Multi-frame translation analysis (forward and reverse frames 0, +1, and +2)
Repeat element integration for comprehensive source detection
CSV output with frameshift position annotations
Parallel processing support for large genomes

Available Commands

ShiftSCAN operates through a single command with multiple configurable parameters:

shiftscan

Identifies chimeric sequences in nucleotide databases through frameshift analysis.

Usage

shiftscan --nucleotide_file <genome.fasta> --peptide_file <peptides.fasta> [--max_gap 2] [--codon_table 1] [--num_threads 1] [--blast False] [--sensitivity 5.0] [--word_size 2] [--evalue 1000] [--output results] [--max_transcript_length 30000] [--max_flanking_seq 500] [--no_reverse_complement_check False]

Parameters

--nucleotide_file (required): Path to nucleotide FASTA file (genome/transcriptome/repeatome).
--peptide_file: Path to query peptide FASTA file.
--max_gap: Maximum allowed gap size in nucleotides (default: 2). This parameter corresponds to the frameshift value. Default value of 2 will permit consideration of frameshifts by zero (no frameshift), one, and two nucleotides in either direction. The maximal setting of this parameter is user-defined such as 10, which means unconventionally “long” frameshifting events can be considered as alternative sources of a given query peptide sequence.
--codon_table: ID of the NCBI codon table (default: The Standard Code). Users can import other codon tables by typing corresponding table IDs (NCBI).
--num_threads: Number of parallel processing threads (default: 1). This parameter can be user-defined based on the availability of processors in the system.
--blast: Enable BLAST pre-filtering for acceleration (not recommended). Omitting this flag will disable BLAST. BLAST pre-filtering can be of use only if the input file is very large and only if losing the information on some alternative sources is acceptable for a specific study. This option is available if BLAST was downloaded onto a personal computer.
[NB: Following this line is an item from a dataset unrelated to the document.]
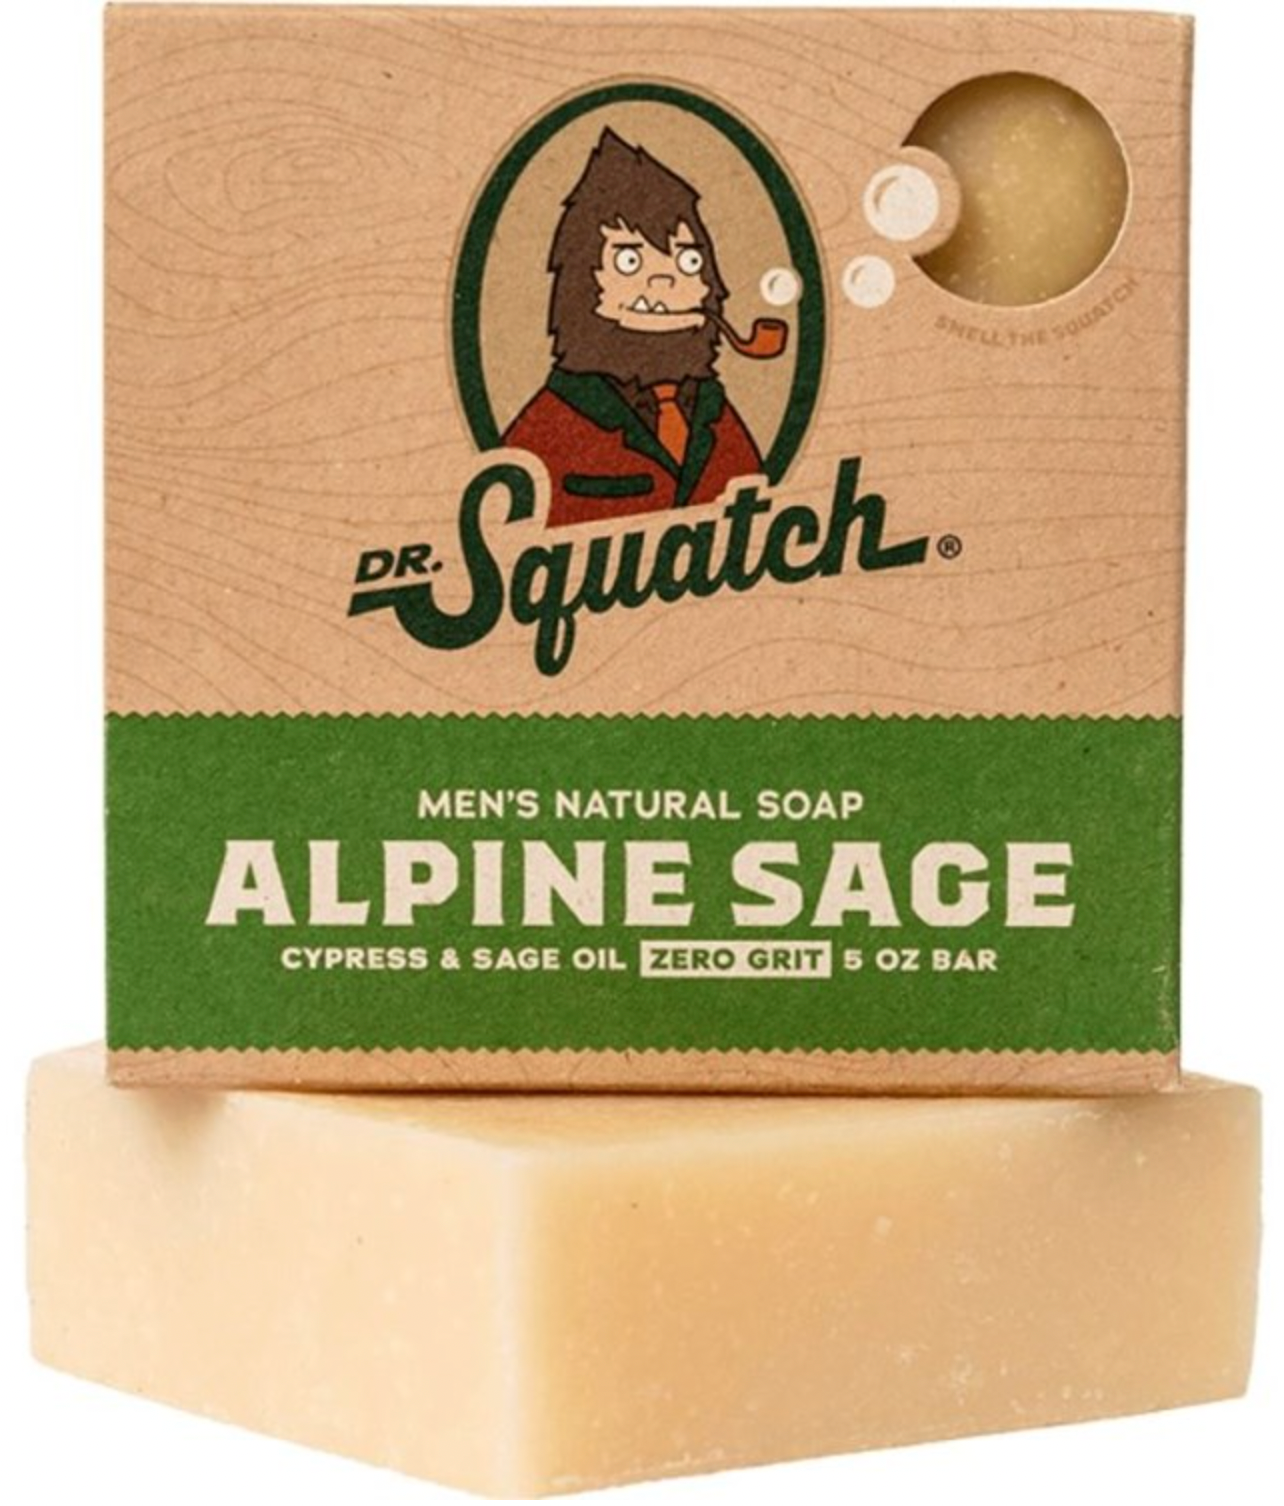 DR. SQUATCH Men's All Natural Bar Soap - Coconut Castaway - 5oz 5 oz

If one’s system did not add BLAST to the PATH environment variable, only one folder needs to be added to the system’s PATH, the one containing all the BLAST executables (blastn.exe, tblastn.exe, blastx.exe, etc.).
--threshold: Word inclusion threshold (higher = slower) for the BLAST acceleration (default: 5.0).
--word_size: BLAST word size parameter (default: 2).
--evalue: BLAST e-value threshold (default: 1000).
--output: Base name for the CSV output file (default: results).
--max_transcript_length: Max length of a transcript sequence (default: 30,000, in nucleotides). If a subject sequence exceeds this threshold, it will be trimmed according to the setting of [--max_flanking_seq] below.
--max_flanking_seq: Max length of flanking sequences to include (default: 500, in nucleotides). If a subject sequence is shorter than the value set in [--max_transcript_length] (see above), it will be recorded as a whole sequence in the output file. For subject sequences longer than [--max_transcript_length] (e.g., a chromosome), this setting will record the frameshift region (the complete matching part) plus [--max_flanking_seq] nucleotides upstream and downstream of the matching site.
--no_reverse_complement_check: Omitting this flag will enable reverse complement analysis. This is recommended because the software does not discriminate between transcript, repeat, and genomic sequences. In genomic and repeat sequences, both strands can encode peptides and proteins, even in the same region (oppositely overlapping genes).

Output

Contains tabular data on detected chimeric and non-chimeric sequences with these columns:

Type: Detection type. “Frameshift” stands for a chimeric alternative source. “Without frameshift” stands for a non-chimeric alternative source (direct match).
Frameshift Position: Position of the last amino acid before the frameshift (position 1 is the first amino acid in a query peptide).
Segment 1: Contains a portion of a query peptide sequence before the frameshift.
Segment 2: Contains a portion of a query peptide sequence after the frameshift.
Gap: Indicates the frameshifts value in the alternative source. If the maximal gap value is set to 2 (default), the following alternative sources will be reported: 0 (no frameshift), +1 and +2 (forward frameshifts), -1 and -2 (backward frameshifts).
Frameshift Direction: Reading frame transition (Frame n -> Frame m).
Nucleotide Title: Contains a header of a subject sequence from the input nucleotide FASTA file.
Nucleotide Sequence: Contains a subject sequence delimited by the setting in [--max_flanking_seq].
Protein Title: Contains a query header from the input peptide FASTA file.
Protein Sequence: Contains a query peptide sequence.
Frame Direction: Strand orientation. Forward frames alone (e.g., transcriptome input) or together with reverse frames (genomic DNA or repeatome input) can be considered.
Truncation for Nucleotide Sequence (True or False): If the subject nucleotide sequence exceeds [--max_transcript_length], it will be truncated in the given [--max_flanking_seq] threshold level (output True). Else, the output is False.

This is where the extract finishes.